Fuzzy Q-Learning-Based Opportunistic Communication for MEC-Enhanced Vehicular Crowdsensing
Trung Thanh Nguyen, Truong Thao Nguyen, Thanh Hung Nguyen, Phi Le Nguyen
TL;DR
This work addresses the OCVC problem in MEC‑enhanced vehicle crowdsensing, aiming to minimize 4G transmission cost while keeping data latency below a threshold $δ$. It introduces a distributed Fuzzy Q‑learning offloading strategy that leverages three transmission modes (4G, RSU via Wi‑Fi, and neighbor relays) and uses fuzzy logic to adapt the reward parameter $\theta$ to changing network conditions. The approach achieves a 30–40% reduction in 4G usage while ensuring 99% of packets meet the latency requirement, as demonstrated by a Python-based simulator using real urban mobility data. The results support practical deployment of cost- and energy-efficient, latency-aware MEC‑enabled vehicular crowdsensing in urban environments.
Abstract
This study focuses on MEC-enhanced, vehicle-based crowdsensing systems that rely on devices installed on automobiles. We investigate an opportunistic communication paradigm in which devices can transmit measured data directly to a crowdsensing server over a 4G communication channel or to nearby devices or so-called Road Side Units positioned along the road via Wi-Fi.
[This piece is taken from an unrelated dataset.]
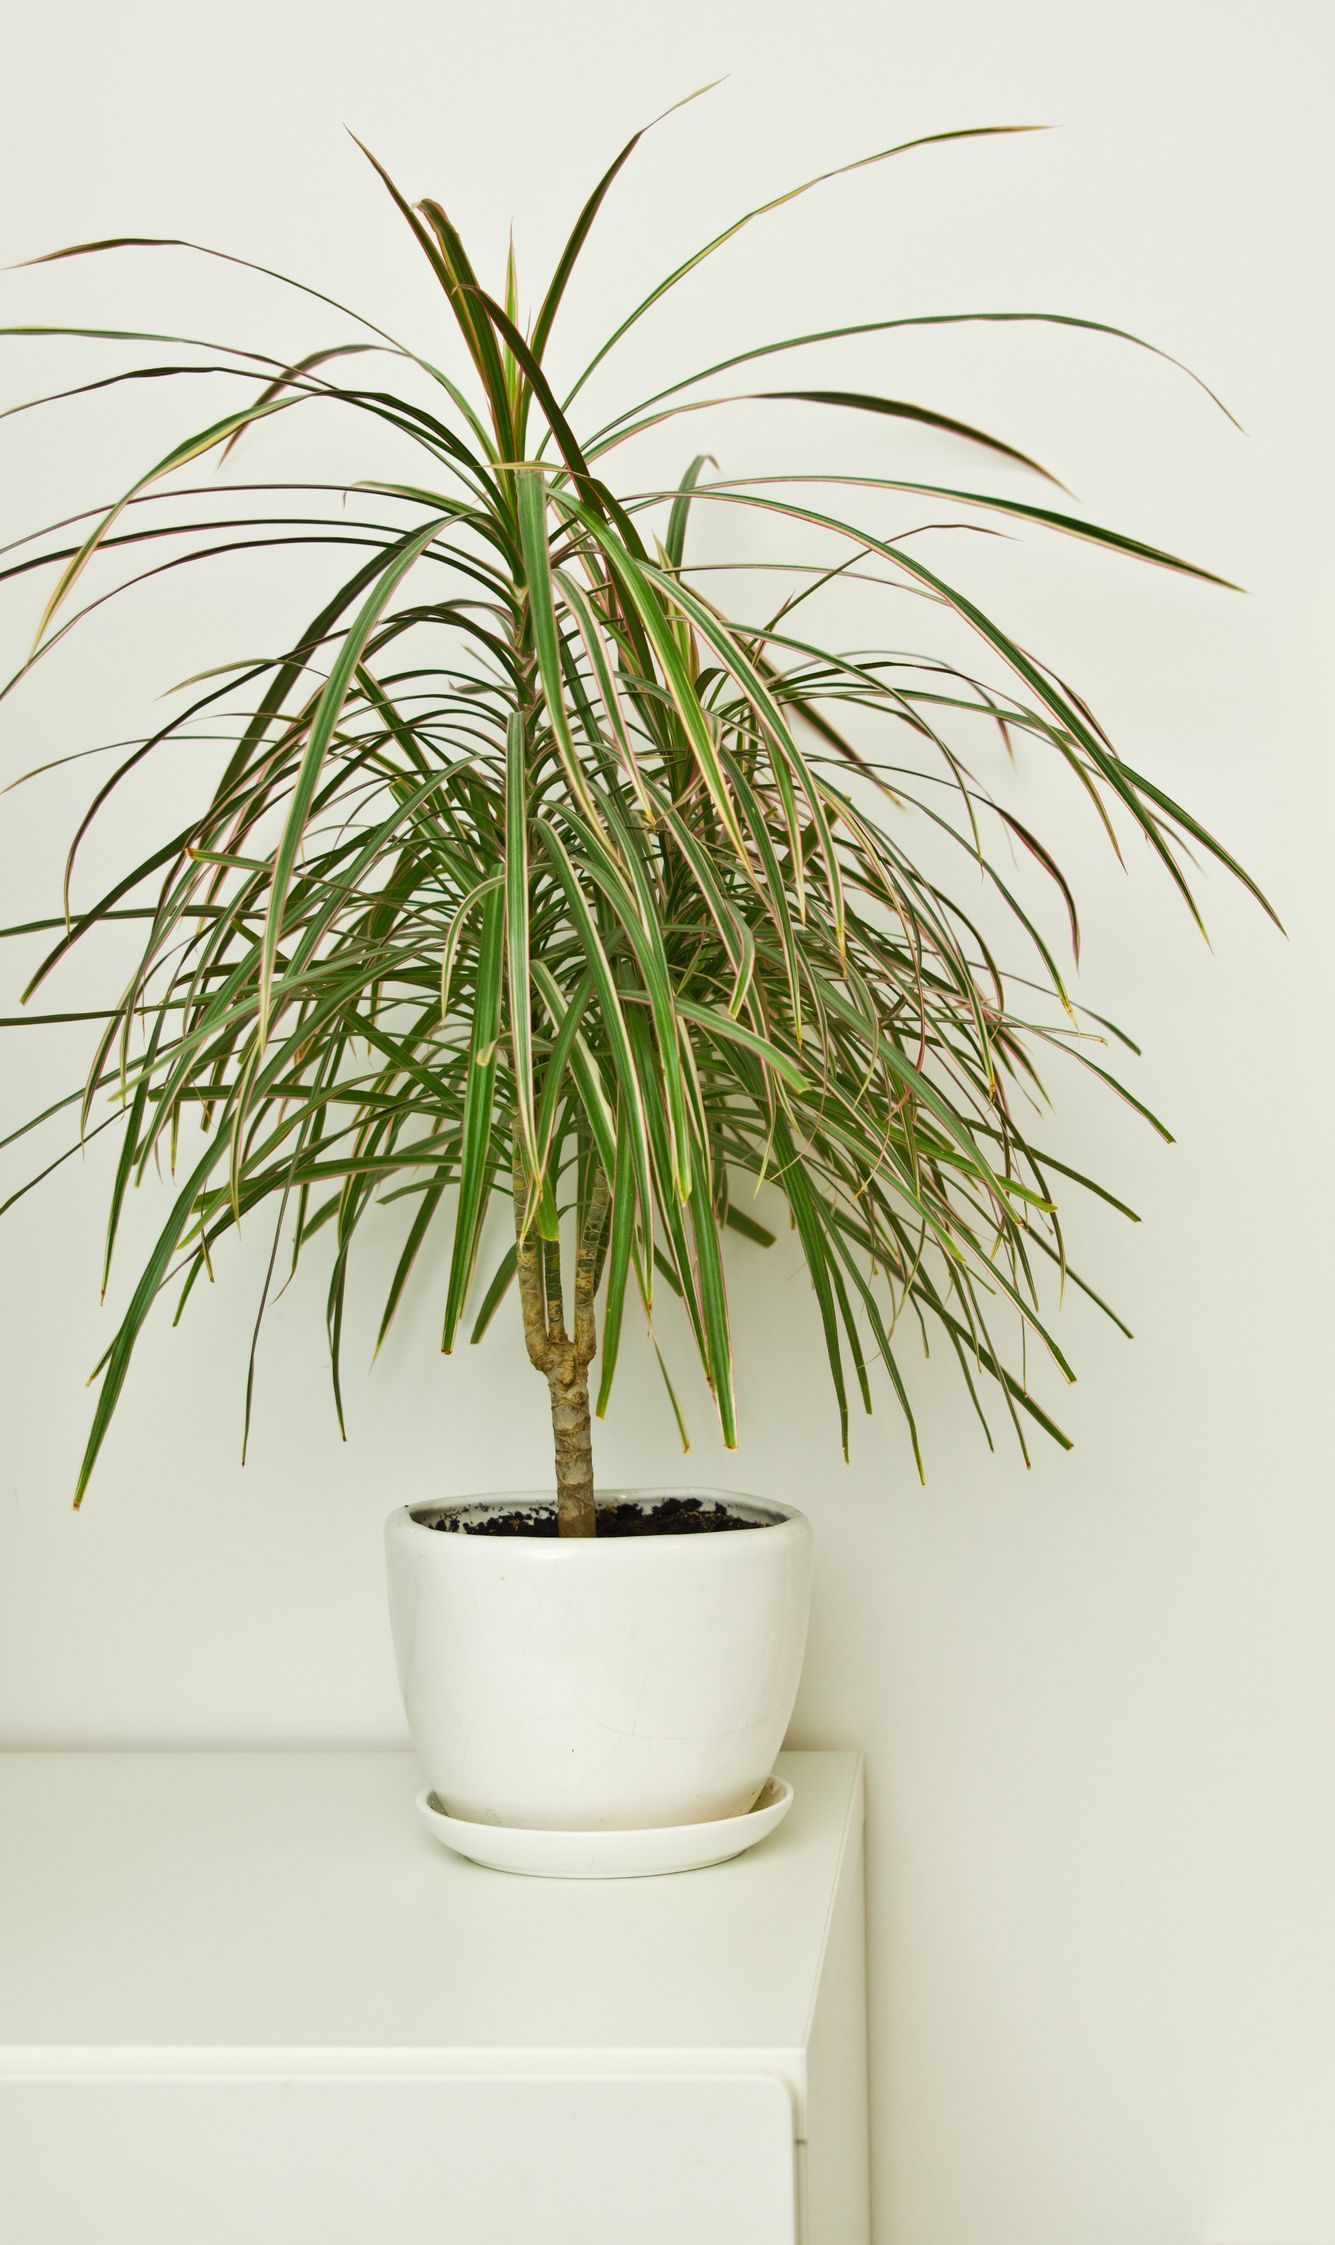 15 of the Best Bedroom Plants that Purify the Air - Easy Indoor ...

We tackle a new problem that is how to reduce the cost of 4G while preserving the latency. We propose an offloading strategy that combines a reinforcement learning technique known as Q-learning with Fuzzy logic to accomplish the purpose. Q-learning assists devices in learning to decide the communication channel. Meanwhile, Fuzzy logic is used to optimize the reward function in Q-learning. The experiment results show that our offloading method significantly cuts down around 30-40% of the 4G communication cost while keeping the latency of 99% packets below the required threshold.